Concha nuclear sobre ICMP

Sim, em 2020 aprendi que você pode inserir uma carga arbitrária em pacotes ICMP. Mas antes tarde do que nunca! E já que algo pode ser feito a respeito, então precisa ser feito. Como no meu dia a dia eu uso mais a linha de comando, inclusive via SSH, a ideia de um shell ICMP veio primeiro à minha mente. E para montar um bingo completo, decidi escrevê-lo como um módulo Linux em uma linguagem que só tenho uma ideia aproximada. Esse shell não estará visível na lista de processos, você pode carregá-lo no kernel e não estará no sistema de arquivos, você não verá nada suspeito na lista de portas de escuta. Em termos de suas capacidades, este é um rootkit completo, mas espero melhorá-lo e usá-lo como um shell de último recurso quando a média de carga for muito alta para fazer login via SSH e executar pelo menos echo i > /proc/sysrq-triggerpara restaurar o acesso sem reiniciar.

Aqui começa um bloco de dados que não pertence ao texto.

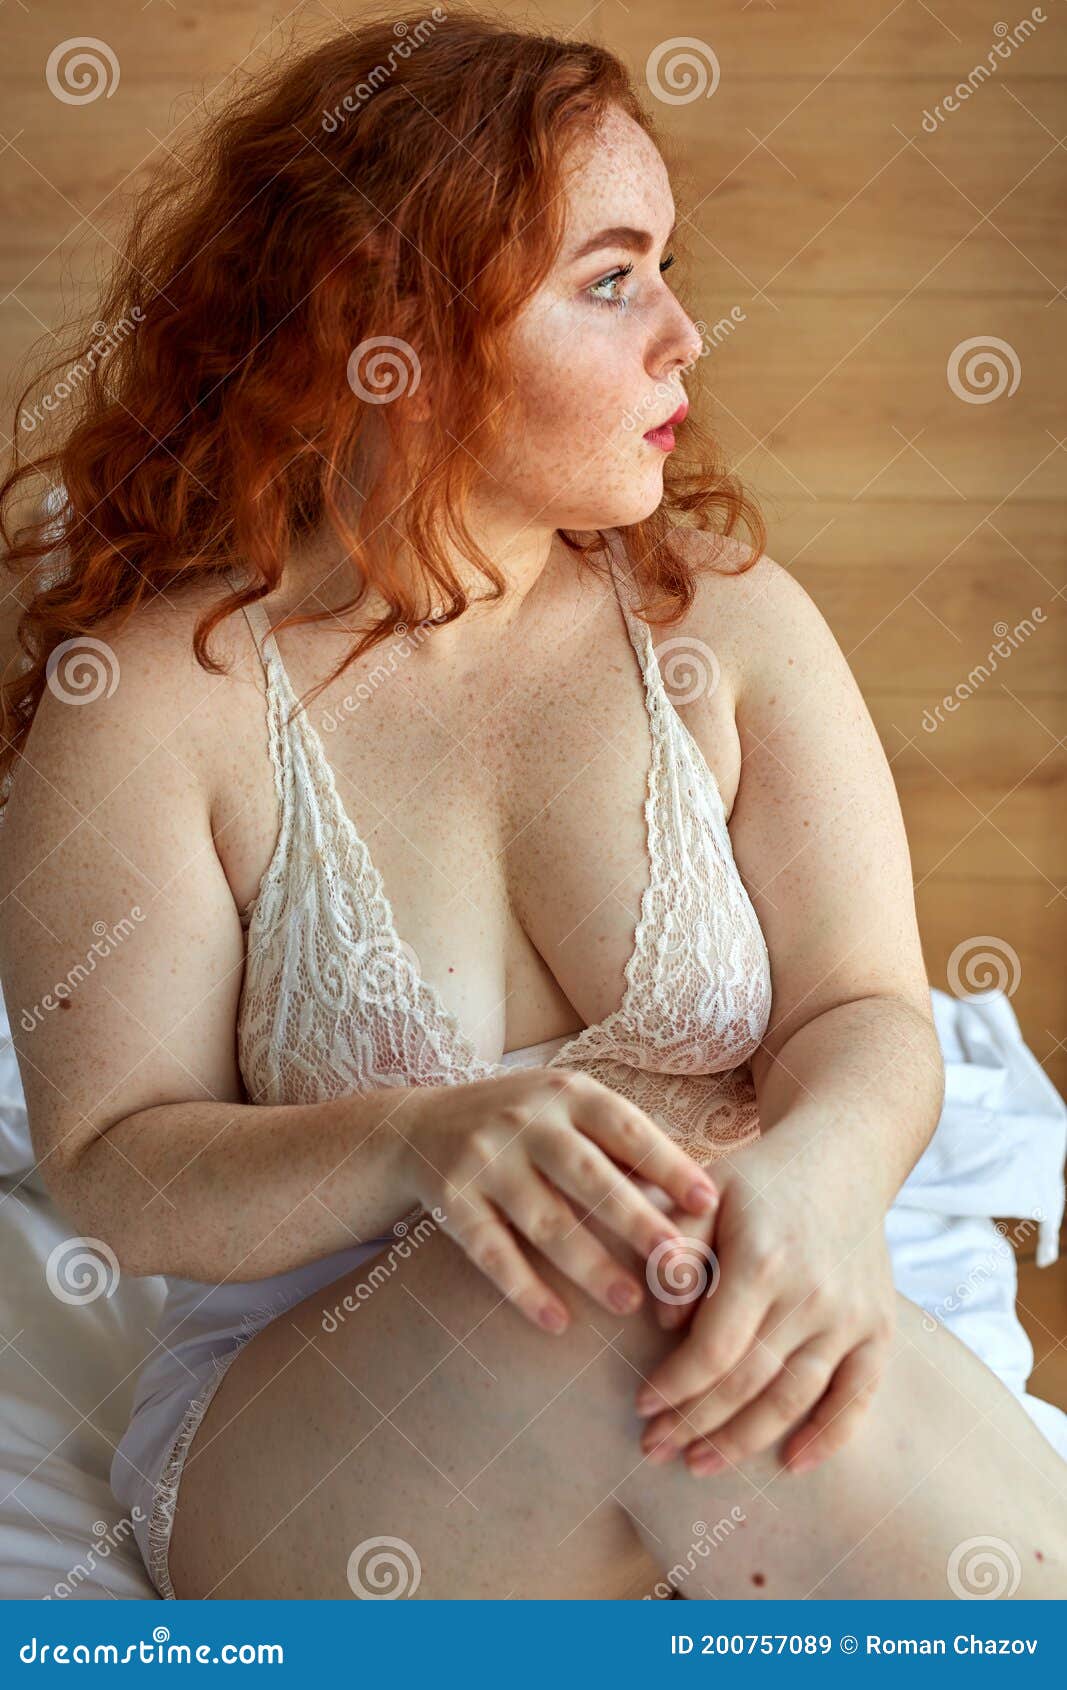 dimitris kechagias add photo fat woman sexy video

Levamos um editor de texto, conhecimentos básicos de programação em Python e C, Google e virtual que você não se importa de colocar na faca se tudo quebrar (opcional - VirtualBox/KVM/etc local) e vamos lá!

Lado do cliente

Pareceu-me que para a parte do cliente eu teria que escrever um roteiro com cerca de 80 linhas, mas houve pessoas gentis que fizeram isso por mim todo o trabalho. O código revelou-se inesperadamente simples, cabendo em 10 linhas significativas:

import sys
from scapy.all import sr1, IP, ICMP

if len(sys.argv) < 3:
    print('Usage: {} IP "command"'.format(sys.argv[0]))
    exit(0)

p = sr1(IP(dst=sys.argv[1])/ICMP()/"run:{}".format(sys.argv[2]))
if p:
    p.show()

O script leva dois argumentos, um endereço e uma carga útil. Antes do envio, a carga útil é precedida por uma chave run:, precisaremos dele para excluir pacotes com cargas aleatórias.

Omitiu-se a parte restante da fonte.